Playbook
Email — Any Provider (Outlook, Proton, Yahoo, Fastmail…)
Platform claims verified July 9, 2026
What this mechanism is
Your primary email is the single most powerful account you own, because almost every other account resets through it. Whoever controls the inbox can reset passwords, receive verification codes, and take over the rest of your digital life. For your survivors that cuts both ways: with access to your email, most recovery gets dramatically easier; without it, they are locked out of the accounts that depend on it.
This card is for an email account that isn’t already covered by a dedicated playbook. If your main email is Gmail, use the Google playbook; if it’s iCloud Mail, use the Apple playbook. For everything else — Outlook / Microsoft, Proton, Yahoo, Fastmail, a work-adjacent personal address, or your own domain — this is the one.
Most non-Google, non-Apple providers do not have a purpose-built “legacy contact” tool, so the reliable plan is to escrow the master password (and a way past two-factor) into your Layer 2 vault, and to make sure the account is kept alive long enough to do the resets.
Set it up now
- Check whether your provider has any native legacy or trusted-access feature. A few do; most don’t. If yours does, set it up and record it on this card (mechanism + who you designated). If it doesn’t, rely on the vault escrow below.
- Escrow the password into your vault. Add a Layer 2 secret to this card (kind: master password) with the current email password. Update it whenever you change it. This is what lets a survivor actually sign in.
- Escrow a way past two-factor. If the account has 2FA (it should), a password alone won’t get anyone in. Save the recovery codes, or note where the authenticator/security key lives, as a second Layer 2 secret. Remember that texted 2FA codes go to your phone number — keep that alive (see the phone-carrier playbook).

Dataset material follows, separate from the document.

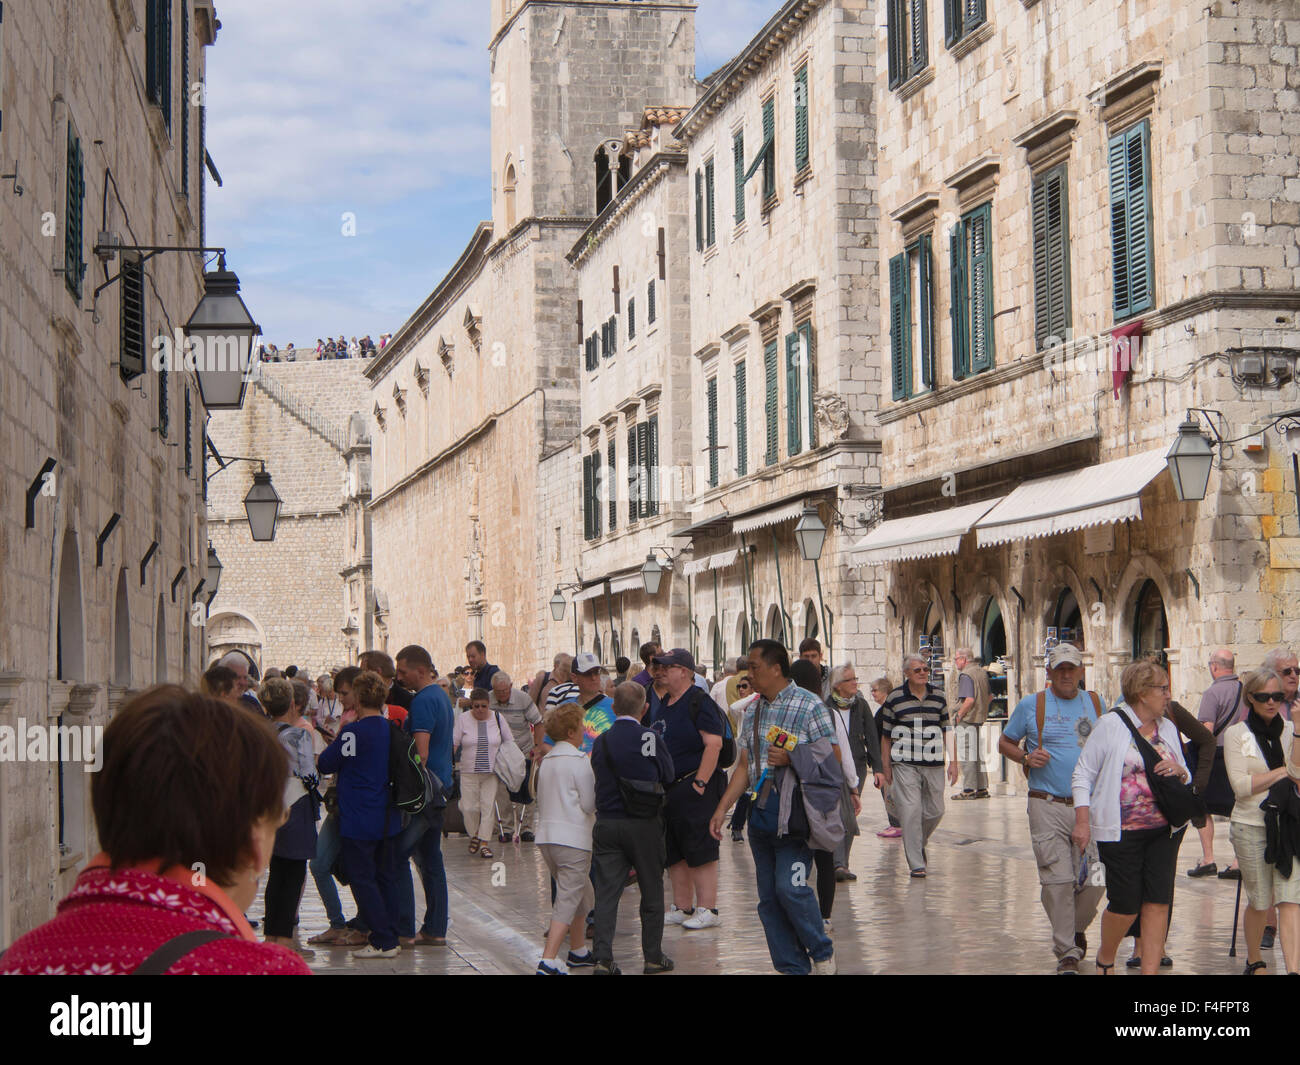 Placa (Stradun ) rue principale de la vieille ville de Dubrovnik Croatie site du patrimoine mondial de l'Unesco, encombrée de touristes Banque D'Images

- Write the executor instruction: in what order to use this, and the blunt warning that this inbox is the key to the others, so it must be secured first and not casually forwarded or deleted.
What AmberKey stores
- Layer 1 (this card): the provider, the address, whether a native feature exists, and your executor instructions. No password here.
- Layer 2 (in the encrypted vault): the email password and the two-factor bypass (recovery codes or where the authenticator lives). These live only inside your encrypted bundle, never readable by AmberKey.
What your survivors do
- Open this card and read the instructions first.
- Retrieve the password and 2FA bypass from the vault after recovery.
- Sign in. If a code is texted, it goes to the deceased’s phone number — which is why the standing rule is do not cancel the phone line yet.
- Secure the inbox: change the recovery phone/email to one the estate controls, so the account can’t be reset out from under them.
- Use the inbox to work through the other accounts’ resets in the order the packet lays out.
Required documents
To reset or access the email directly with the provider, expect to need the death certificate and proof you’re the estate representative (letters testamentary or similar). With the escrowed password and 2FA in hand, survivors usually won’t need the provider’s formal process at all — which is the point of escrowing it.
Expected timeline
With the password and 2FA escrowed: minutes. Through a provider’s formal deceased-user process (where one exists): weeks, and often only after documents are reviewed. Some providers will simply refuse and point to a court order.
Gotchas
- The phone-number dependency. Texted 2FA codes are useless if the number is dead. Keep the line active until the email (and everything downstream of it) is settled.
- A stale escrowed password locks everyone out. If you change the email password and forget to update the vault secret, your survivors have the old one. Re-export your bundle after any password change.
- Provider policies vary wildly and change. Some have a legacy tool, some have a deceased-user request, some have neither. Treat any specific menu path as a hint and confirm the current option in your provider’s account-help pages.
- Aliases and forwarding. If this address forwards to or from others, note it — survivors need to understand the whole web, not just one inbox.